Paul Michaels
Paul Michaels

Reputation: 16695

Updating a secondary property from a DependencyProperty

I have a WPF control that is based on the TextBox control:

public class DecimalTextBox : TextBox

I have a dependency property that is bound to, which manages the numeric value, and is responsible for setting the Text property:

public decimal NumericValue
{
    get { return (decimal)GetValue(NumericValueProperty); }
    set
    {
        if (NumericValue != value)
        {
            SetValue(NumericValueProperty, value);
            SetValue(TextProperty, NumericValue.ToString());                    

            System.Diagnostics.Debug.WriteLine($"NumericValue Set to: {value}, formatted: {Text}");
        }
    }
}

protected override void OnTextChanged(TextChangedEventArgs e)
{            
    base.OnTextChanged(e);

    if (decimal.TryParse(Text, out decimal num))
    {
        SetValue(NumericValueProperty, num);
    }
}

This works well when entering a value into the textbox itself (it updates the underlying values, etc...). However, when the bound property of NumericValue is changed, despite updating the NumericValue DP, the Text property is not updated. In the tests that I've done, it would appear that the reason for this is that the set method above is not called when the bound value is updated.
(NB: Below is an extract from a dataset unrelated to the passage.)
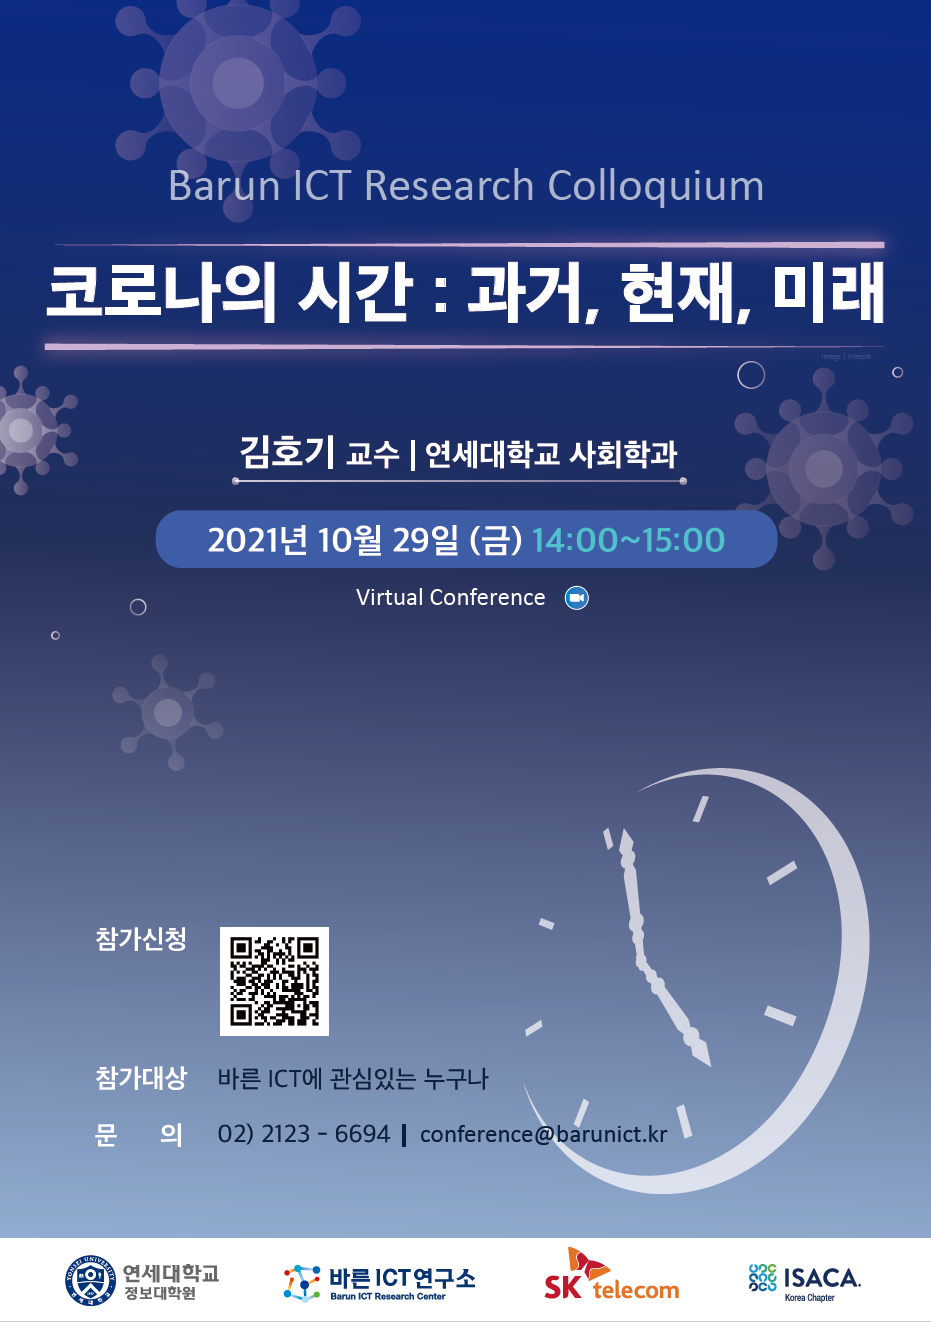 Barun ICT Research Colloquium 10월 29일 (금) 14:00~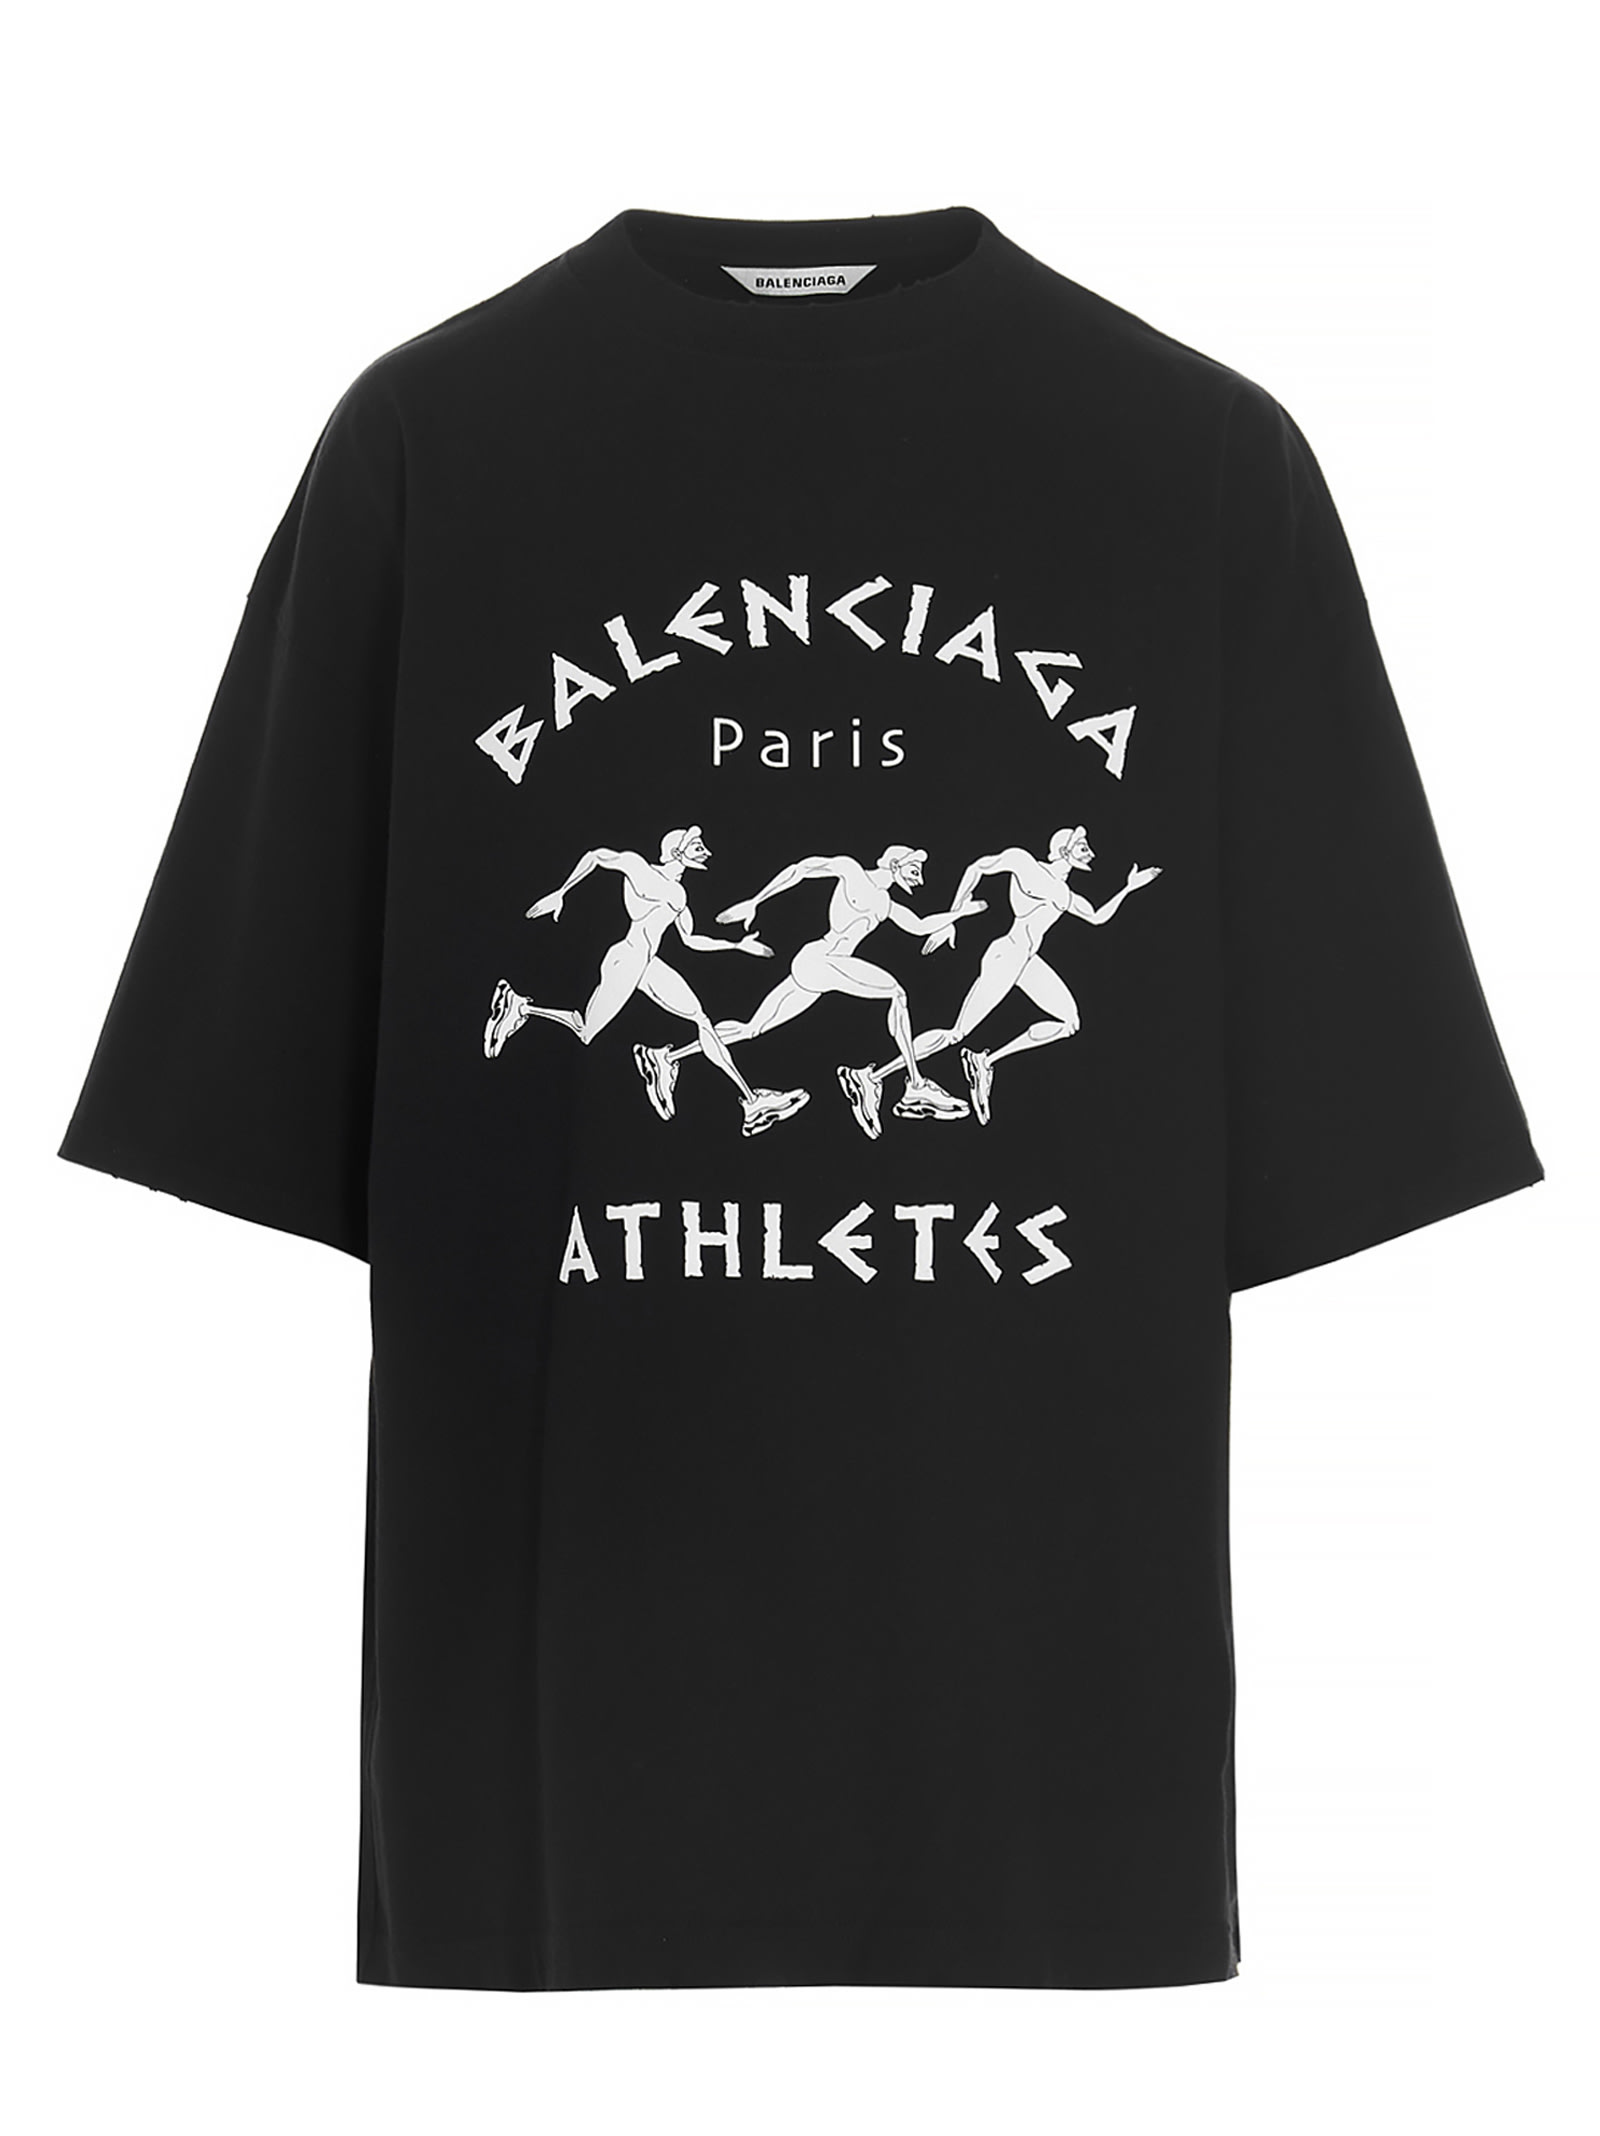 Balenciaga athlets T-shirt

The binding in question looks like this:

<myControls:DecimalTextBox NumericValue="{Binding Path=MyValue, Mode=TwoWay, UpdateSourceTrigger=PropertyChanged}"/>

Can anyone point me in the right direction as to why this property setter is not firing, or is there a better way to approach this?

Upvotes: 0

Views: 47

Answers (2)

Clemens
Clemens

Reputation: 128061

As explained in Custom Dependency Properties and XAML Loading and Dependency Properties, you should not call anything else than GetValue and SetValue in the CLR wrapper of a dependency property:

Because the current WPF implementation of the XAML processor behavior for property setting bypasses the wrappers entirely, you should not put any additional logic into the set definitions of the wrapper for your custom dependency property. If you put such logic in the set definition, then the logic will not be executed when the property is set in XAML rather than in code.


In order to get notified about value changes, you'll have to register a PropertyChangedCallback with the dependency property metadata.

public static readonly DependencyProperty NumericValueProperty =
    DependencyProperty.Register(
        "NumericValue", typeof(decimal), typeof(DecimalTextBox),
        new PropertyMetadata(NumericValuePropertyChanged));

public decimal NumericValue
{
    get { return (decimal)GetValue(NumericValueProperty); }
    set { SetValue(NumericValueProperty, value); }
}

private static void NumericValuePropertyChanged(
    DependencyObject obj, DependencyPropertyChangedEventArgs e)
{
    var textBox = (DecimalTextBox)obj;
    textBox.Text = e.NewValue.ToString();
}

Upvotes: 1

grek40
grek40

Reputation: 13448

The WPF binding is not actually using your getter and setter, but instead directly interacts with the dependency property NumericValueProperty. In order to update the text, subscribe to the PropertyChanged event of the NumericValueProperty instead of trying to do anything special in the setter.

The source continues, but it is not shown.